イギリス国教会の成立とルネサンスによる人文主義の影響か、神話の中における人間性とか、肖像画による人間そのものに焦点をあてられた作品が多くて、同時代のフランスやドイツやロシアの作品と比べ、芸術視点が違っていたことがわかり面白い。イギリスの作家だけでなく、ヨーロッパ中から、国が自分たちの時代の価値観に見合ったものを蒐集していたことがうかがえる。

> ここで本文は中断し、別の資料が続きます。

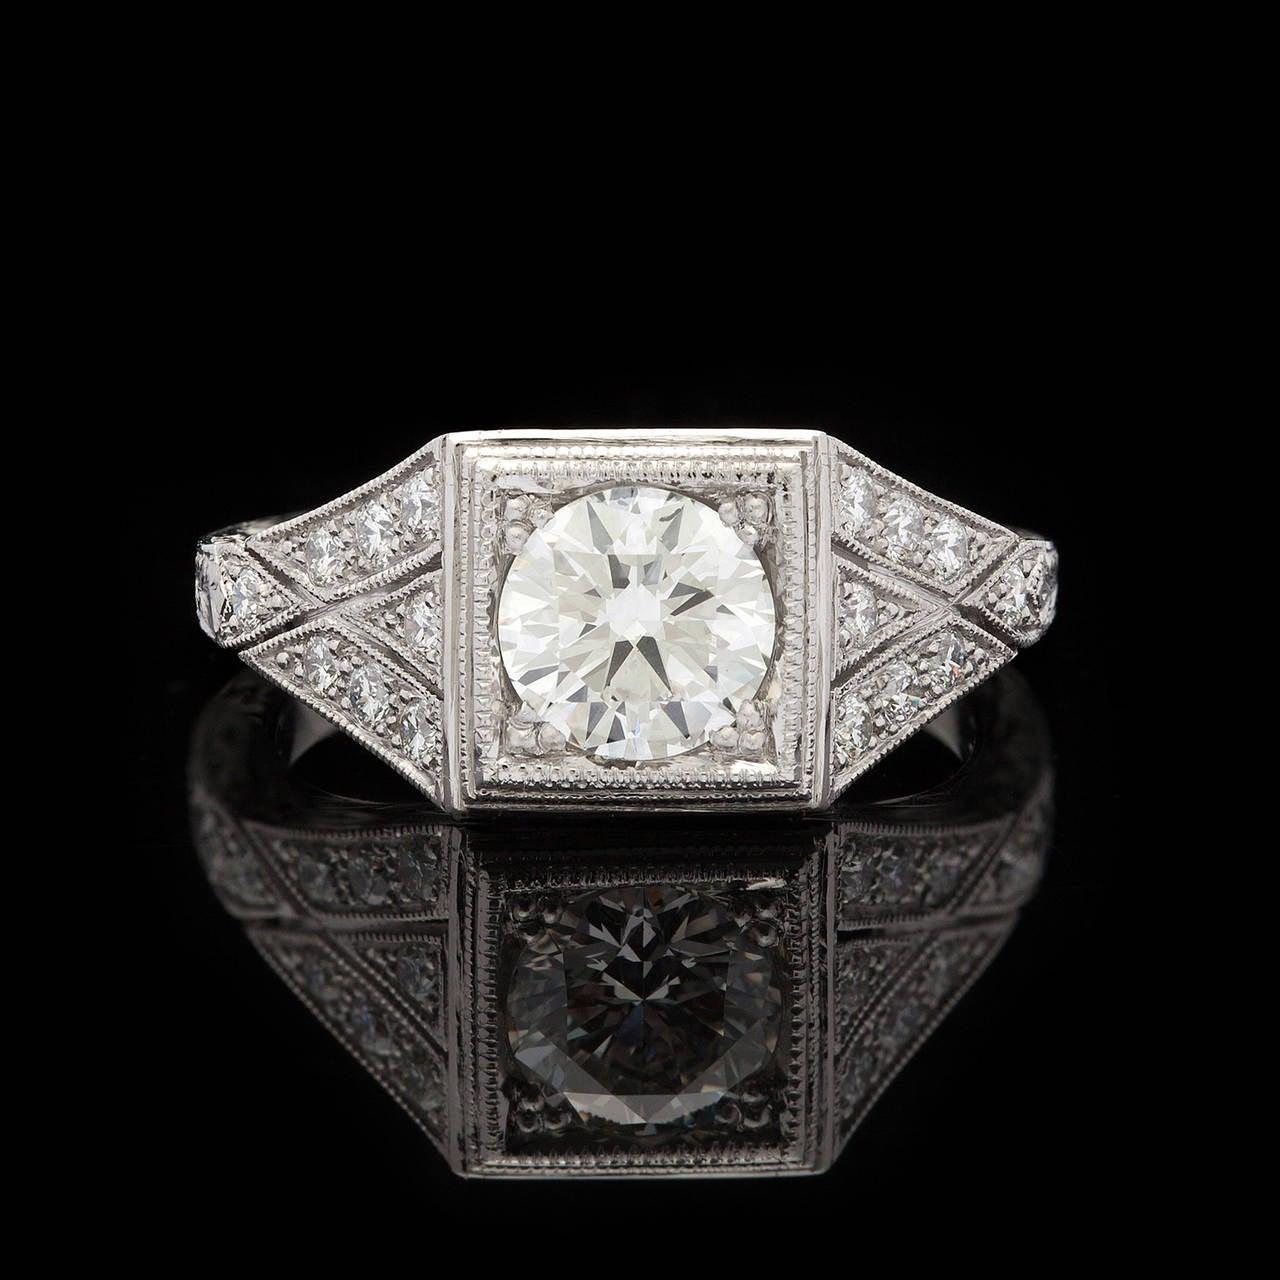 Edwardian 1.05 Carat GIA Certified Diamond Platinum Ring For Sale

人間中心主義だったからこそ、いちはやく資本主義を発達させ産業革命にこぎつけたのだろう。
という推論。
もしかしたらこの企画展がそういうテーマ(人間中心主義)だっただけかもしれない。
レンブラント、フェルメールといった名だたる絵画作品を見れたことは嬉しかったが、なんといってもゴッホの「ひまわり」が素晴らしかった。
図録や教科書やポスターで何度も見た、世界一有名な絵画のひとつ。
7枚の連作のうち、ゴーギャンが最も高く評価した1枚。
歴史的な絵画である。
「ひまわり」には個室が用意され、ほのかに暗く冷たい部屋に、堂々と一枚、展示されていた。

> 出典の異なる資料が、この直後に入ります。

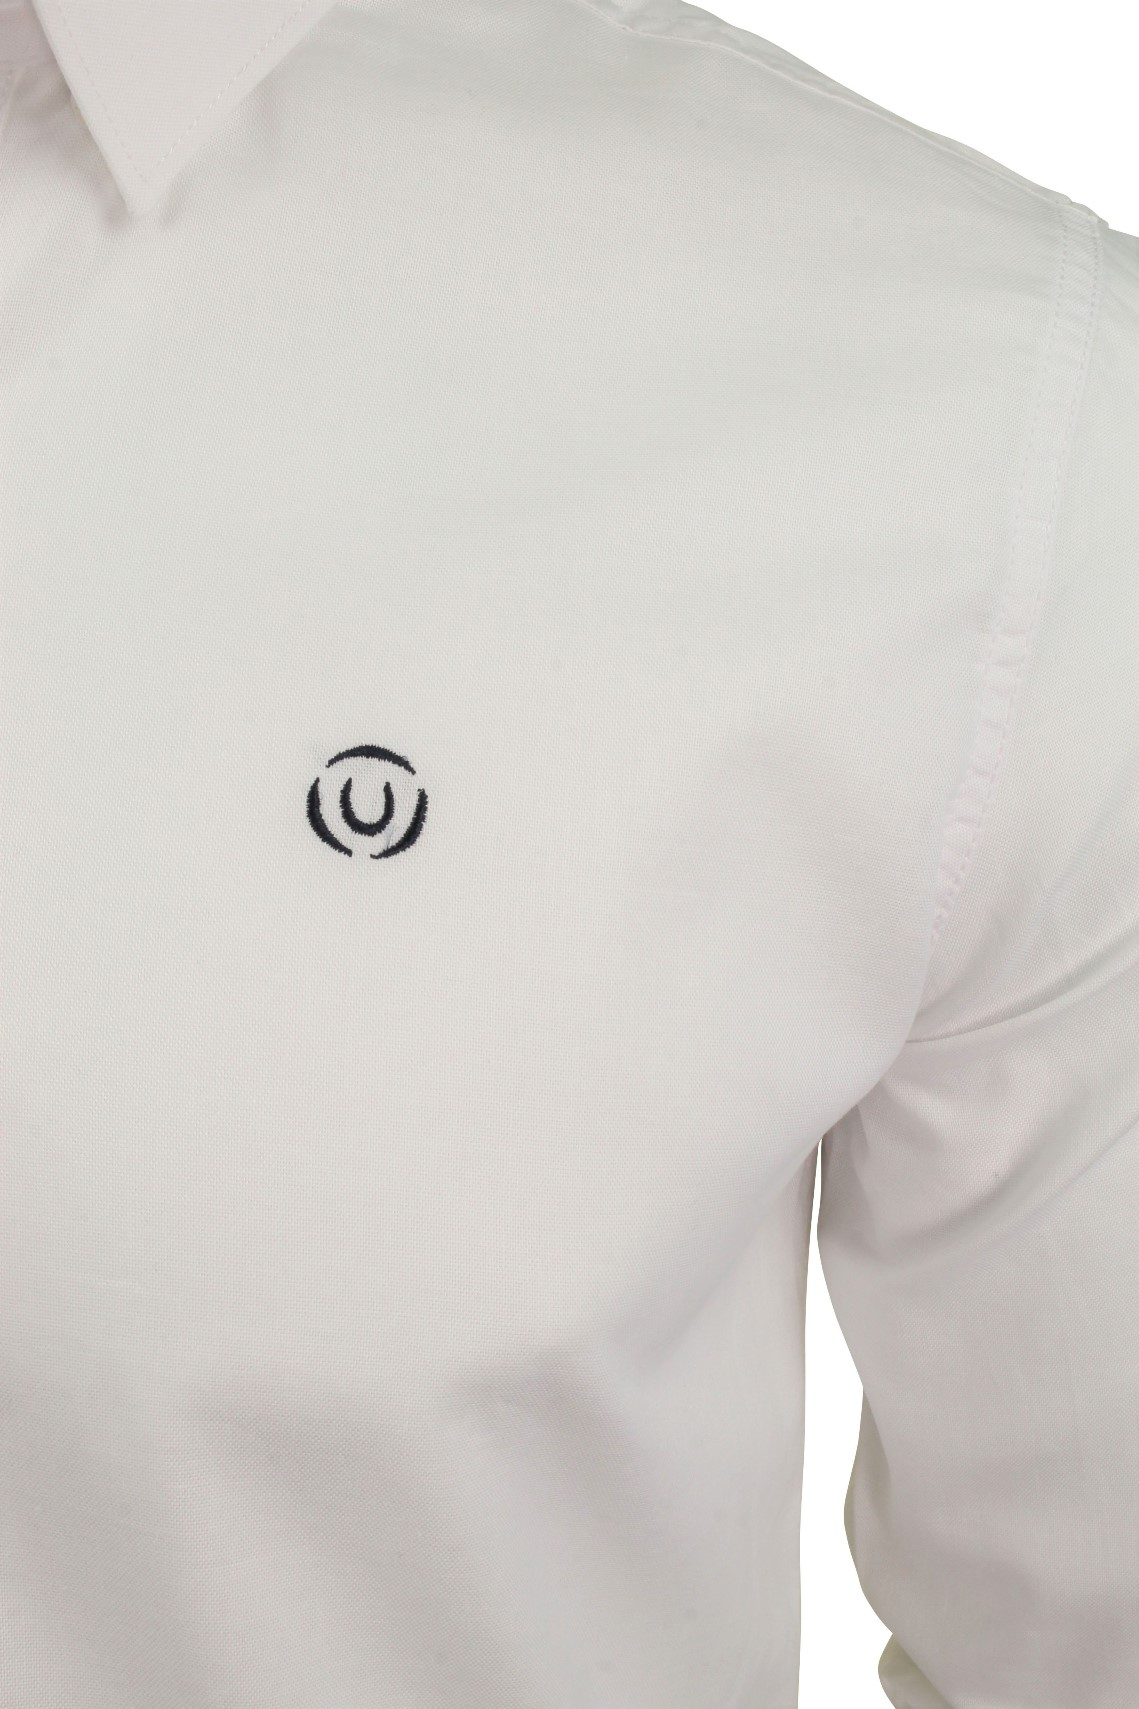 Para-hombres-camisa-de-manga-larga-por-Pato-Y-Cubierta-039-abedul-039 miniatura 13

ひと目見て、まずその大きさに驚いた。私が想像していたよりもずっと大きなカンヴァスに描かれていたのだ。
つぎに、その黄色さに驚いた。ポスターや教科書で見ていた「ひまわり」はなんだったのかと自分の目を疑いたくもなるような黄色さで、体いっぱいに黄色のパワーが溢れて、額縁からこぼれ落ちてきそうだった。
体の内側から熱。館内が寒いほど涼しいことも相まって、熱に浮かされたときのように、悪寒にも似た熱を体内にかんじた。
血液がばくばくと流れ、毛穴がひらき、網膜はあの黄色を、世界にここだけしかない本物の黄色を、貪欲に摂取しようと拡大し、言葉の情報以上に伝わってくる絵画的な「こころ」の伝達をたしかに受け止めて、気が付けば涙ぐんでいる。
ああ、おれが絵の具に生まれ変わったなら、あの黄色になりたい。
黄色にもさまざまな種類があって、表情がある。単体では黄色でしかない黄色たちは、ゴッホの「ひまわり」のなかでは「ゴッホの黄色」になっている。
レンブラントの光がぼんやりと丸いものだとしたら、フェルメールの光は窓から差す柔らかな日差しで、ゴッホの光は「燦然」のほかに言葉が見つからない。
ゴーギャンと暮らす祝いに、黄色い家に飾るために描いた「ひまわり」。アルルの地の太陽の光が、ゴッホにはあの「ひまわり」のように黄色く輝いて、これからの生活の希望に重なってぴかぴか光っていたのだろう。
なんて素直で、美しく、面倒くさく、愛しいこころだろう。
生命力にあふれ、自分の中で大きな力が動くのを感じる。
生(ナマ)で目にしなければわからないこと、感じられないことはたくさんある。
「ひまわり」の鑑賞はそのひとつだった。
生きているうちにあと何回、この絵画を目にすることができるだろう?
それを思うと淋しい気持ちになる。何度だって、何時間だって、見つめていたい。